Treatment Of Heart Attack With The Help Of Stem Cells From Belly Fat.
Stem cells enchanted from the belly fatty of 10 humanity attack patients managed to improve several measures of heart function, Dutch researchers report. This is the initial time this type of therapy has been used in humans, said the scientists, who presented their findings Tuesday at the American Heart Association's annual session in Chicago health. But the improvements, though extent dramatic in this small group of patients, were not statistically significant, probably due to the circumscribed number of participants in the study.
And another expert urged caution when interpreting the results. "The explanation issue is whether a treatment makes us live longer or feel better," said Dr Jeffrey S Borer, chairperson of the department of medicine and of cardiovascular medicine at the State University of New York (SUNY) Downstate Medical Center in New York City scriptovore.com. This ruminate on only looked at "surrogates," purport measures of heart function that might predict better future health in the patient, he said.
So "This cannot be interpreted as if they undeviatingly represent positive clinical outcomes," Borer said. "These certainly are rosy stem cell data, but there's a great deal more to do before it is possible to know whether this is a sensible therapy".
Another caveat: All the patients in this trial were white Europeans. The study authors take it the results could be extrapolated to much of the US population, but not necessarily to people who aren't white. Fat accumulation yields many more stem cells than bone marrow (which has been studied before) and is much easier to access.
In bone marrow, 40 cubic centimeters (cc) typically return about 25000 stem cells, which is "not nearly enough to premium people with," said study author Dr Eric Duckers, first place of the Molecular Cardiology Laboratory at Thoraxcenter, Erasmus University Medical Center in Rotterdam. To get enough cells to utilize with, those stem cells would have to be cultured, a process that can take six to eight weeks, he said.
By contrast, 100 cc's of greasy tissue yield millions of stem the tide cells, plenty to work with. A hundred cc's is about the size of a coffee cup - a European coffee cup, not the mega-size of American coffee containers, Duckers emphasized. "With that many cells, you can ostracize them and give them to the unswerving right away as they come into the hospital," he explained.
All patients in this double-blind, placebo-controlled inquiry (11 men and three women) arrived at the hospital having suffered a obdurate heart attack. All then underwent cardiac catheterization to assess blood flow, followed by percutaneous coronary intervention (PCI), more commonly known as angioplasty, to put back blood flow.
Within 24 hours of the understanding attack, doctors performed liposuction to remove fat tissue, removed 20 million stem cells and gave them back to the patients through a catheter. The infusion took no more than 10 minutes. Ten patients received retard cells and four received a placebo infusion. "It was done very, very quickly, all in the same day," Duckers said.

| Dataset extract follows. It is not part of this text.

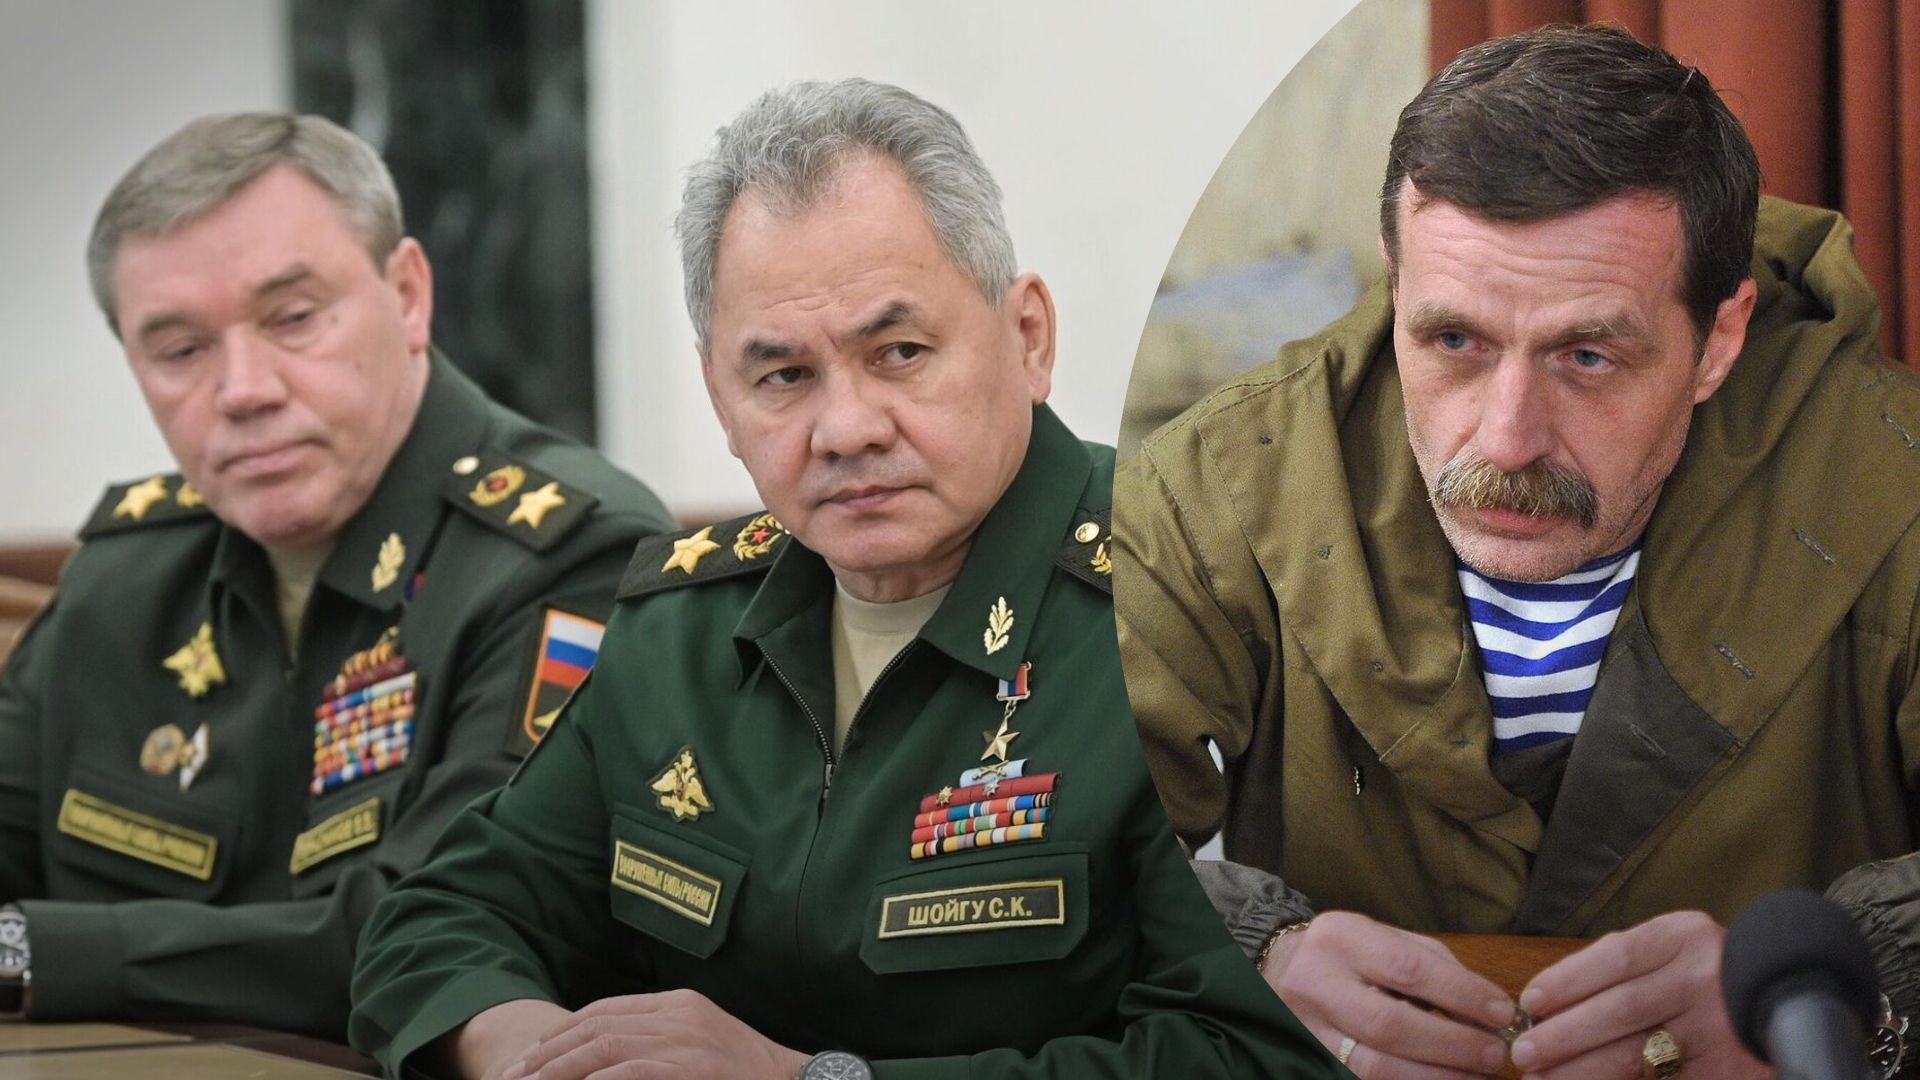 Безлер закликав убити Шойгу та Герасимова - за що їх критикує диверсант з "ДНР"

Six months after the procedure, quell stall patients had better blood flow (more than triple the rate compared to patients getting a placebo), a 5,7 percent develop in heart pumping ability, and a 50 percent reduction in scarring of empathy muscle (from 31,6 percent right after the heart attack to 15,4 percent). Placebo patients maxim no decrease in scarring.

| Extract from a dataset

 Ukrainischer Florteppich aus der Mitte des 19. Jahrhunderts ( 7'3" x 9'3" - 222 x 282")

And "In theory," Borer said, "the use of curb cells to improve myocardial perfusion blood flow and cardiac performance is very auspicious - but to the present time, although many approaches to stem cell use have been tested, there really has not yet been evidence of a clinically helpful important result. That doesn't mean that stem cell research isn't an eminent lead to follow" deerantler.drug-purchase.info. The Dutch research team is now embarking on a trial that will at bottom enroll 375 heart attack patients at 35 medical centers in the European Union to further exam stem cell infusions.